Google Fiber: A lesson on free market failure - evo_9
http://www.extremetech.com/internet/135687-google-fiber-a-lesson-on-free-market-failure
======
endersshadow
This is a puff piece with a linkbait headline. In no way is Google Fiber a
"lesson on free market failure." Moreover, the article concludes we need the
all too broad "simplified" regulation for fiber/cable networks. This is all
launched off of generating a straw man argument of a conservative and then
going from there.

Laying down a network is a huge undertaking. Not only is it expensive in terms
of infrastructure costs, but it turns out that you can't just dig up people's
yards in order to lay your cable down. You have to (rightly) go through _a
lot_ of red tape to do so.
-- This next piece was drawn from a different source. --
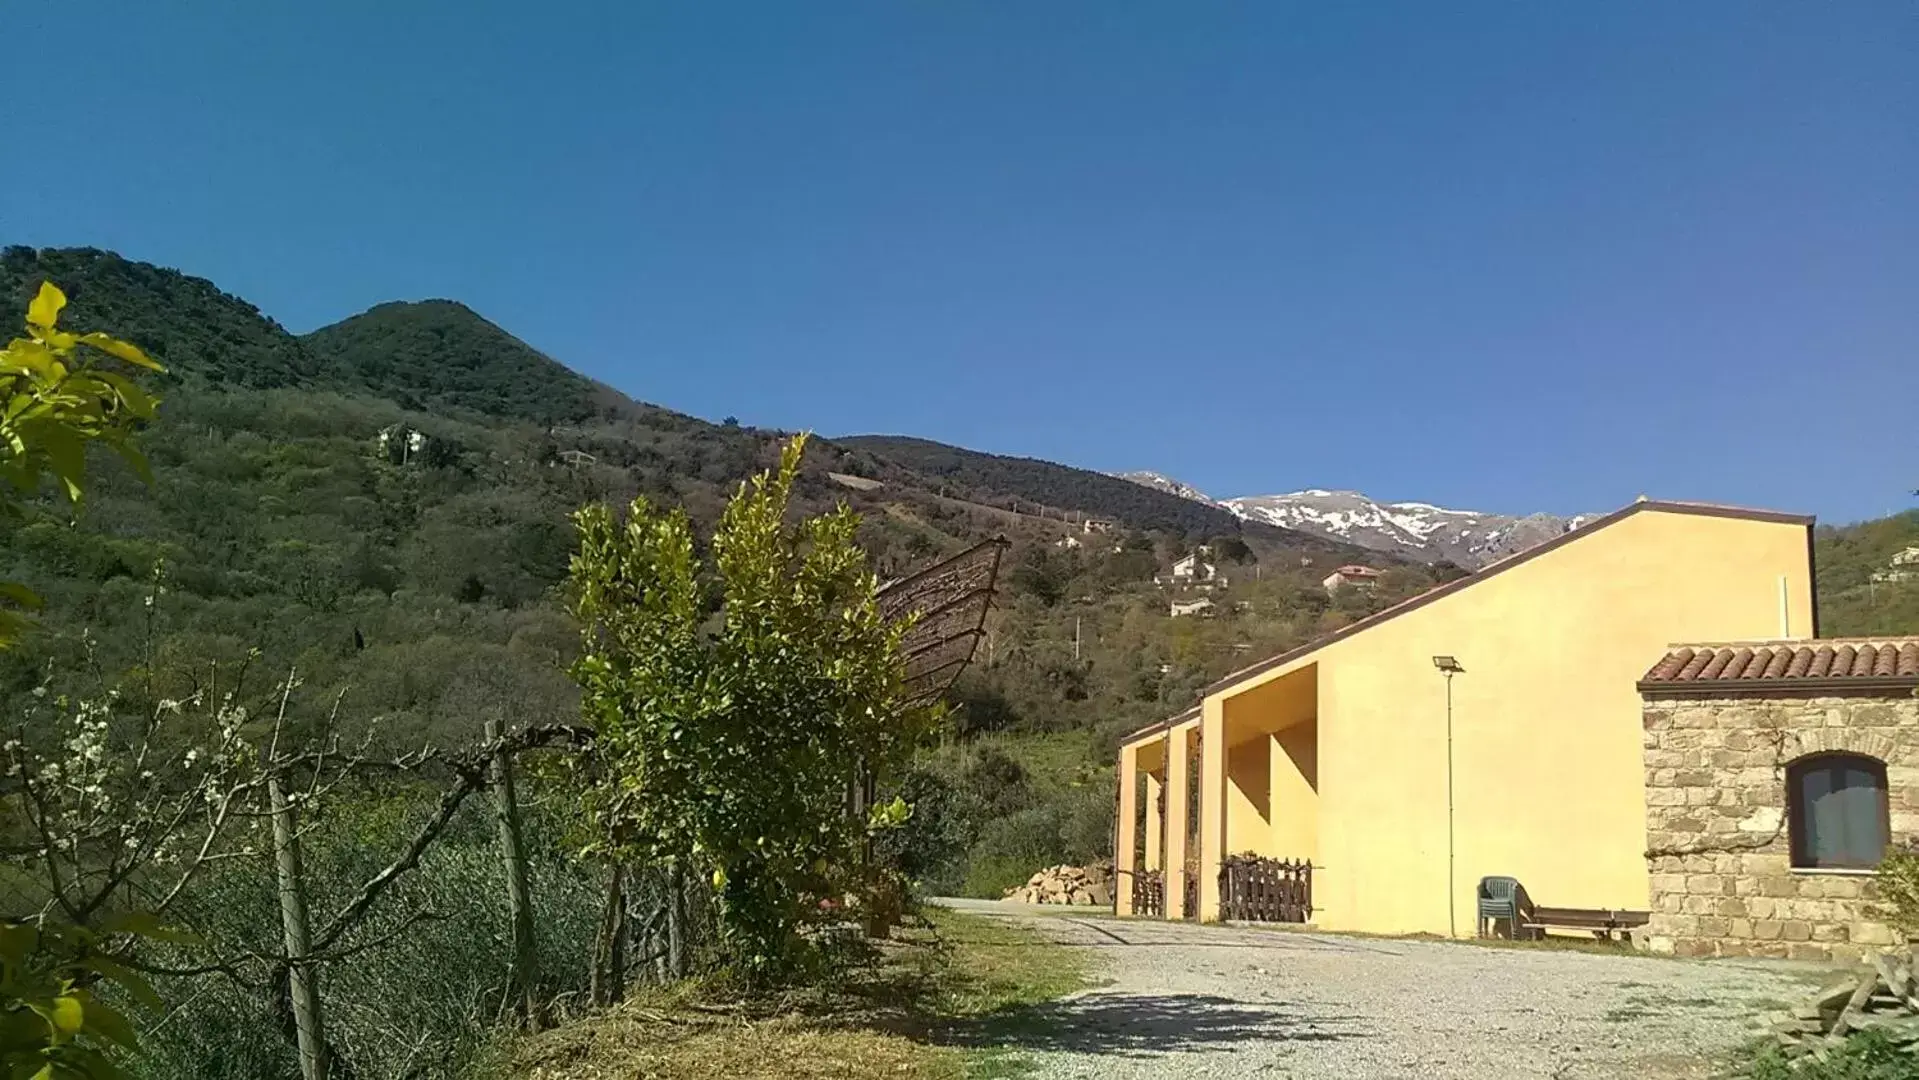 Property Building in Villaggio dei Balocchi

No person in their right minds would _ever_ back
complete deregulation of a market which essentially requires imminent domain
to be imbued.

Moreover, Kansas City did not deregulate. Kansas City is granting Google part
in the oligopoly--Google did not arise as a fiber competitor without help from
the city. Kansas City did, however, seek Google out and entice them to come to
their city to provide competition.

This article is a long-winded straw man argument without much substance. I was
hoping it would expound on some of the ways that cities can adopt broadband-
friendly policies, or at least figure out why Google Fiber was a free market
failure.